– Пашка, а прикинь, понравится тебе – и правда станешь балериной! – трясясь от смеха, подала голос Мила, до сей поры хранившая молчание.
– Ничего смешного здесь нет, дорогуша, – Хрусталёва осуждающе покачала головой. – Во-первых, мужчины в балете называются “танцовщиками”. А во-вторых... У него дар, у меня на это глаз намётан. С его данными будет просто преступлением зарывать свой талант в землю. Я не шучу, – повернувшись к Пашке, горячо докончила она, – опыт позволяет мне смело пророчить вам не просто большое – а великое будущее, Павел Калинин!
В глубине души ему это даже польстило, хотя, конечно, идея записаться в балет по-прежнему казалась совершенно нелепой. Впрочем, издёвки Милы всё равно почему-то были неприятны.

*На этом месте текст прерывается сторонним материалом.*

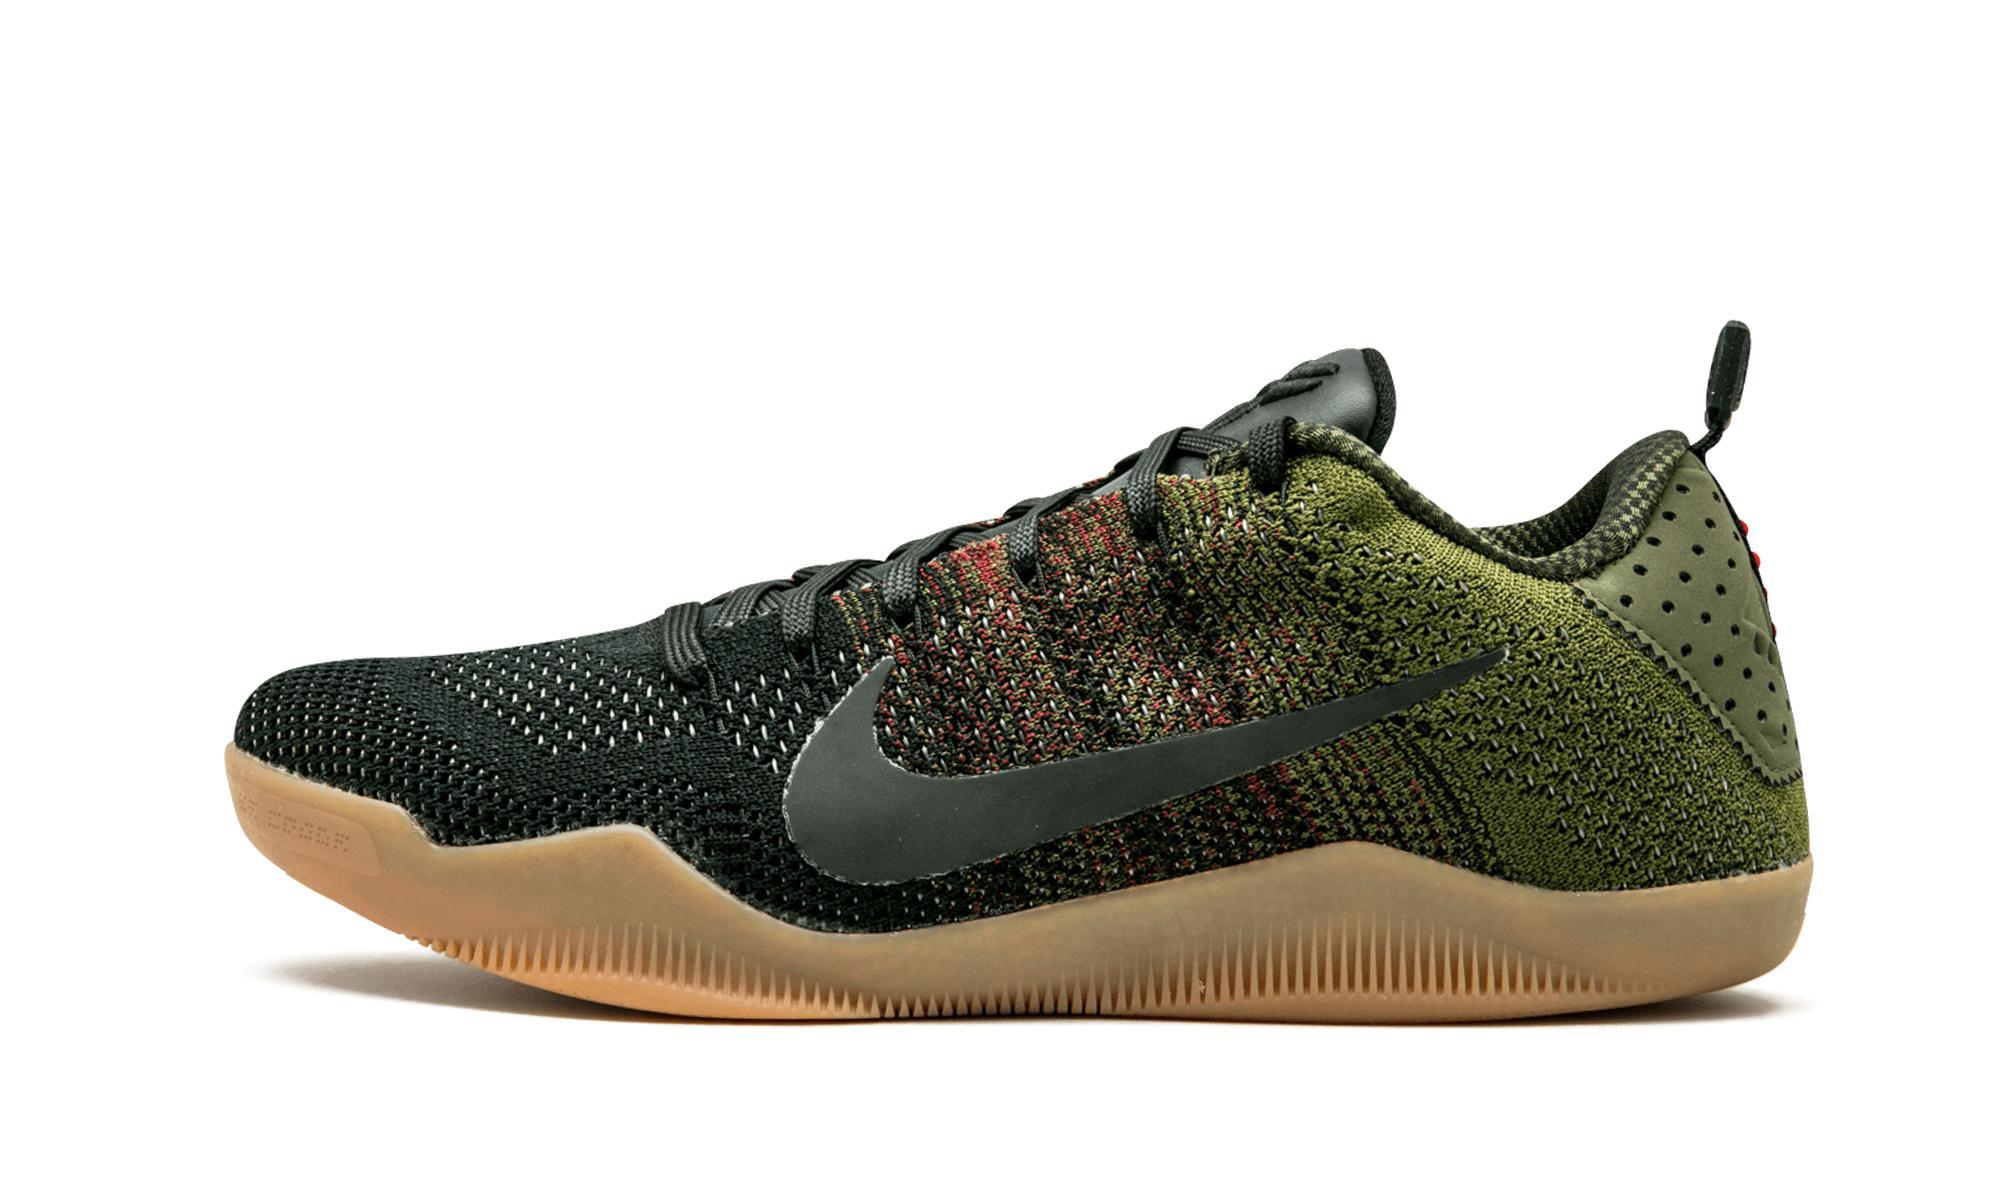 a17145031c9 Lyst - Nike Kobe 11 Elite Low 4kb for Men

– Ну и чего ты ржёшь как кобыла? – недовольно спросил он подругу уже после того, как пожилая балерина, с достоинством попрощавшись, удалилась. Мила даже опешила от такого наезда.
– А что, уже и поржать нельзя? Ведь это правда смешно... Ты же не собираешься в самом деле этим заниматься?!
– Не собираюсь, конечно, – буркнул он. – Что я, дебил какой?
Пашка демонстративно скомкал страничку с адресом, вырванную Хрусталёвой из записной книжки, и метким щелчком запулил её в придорожную траву.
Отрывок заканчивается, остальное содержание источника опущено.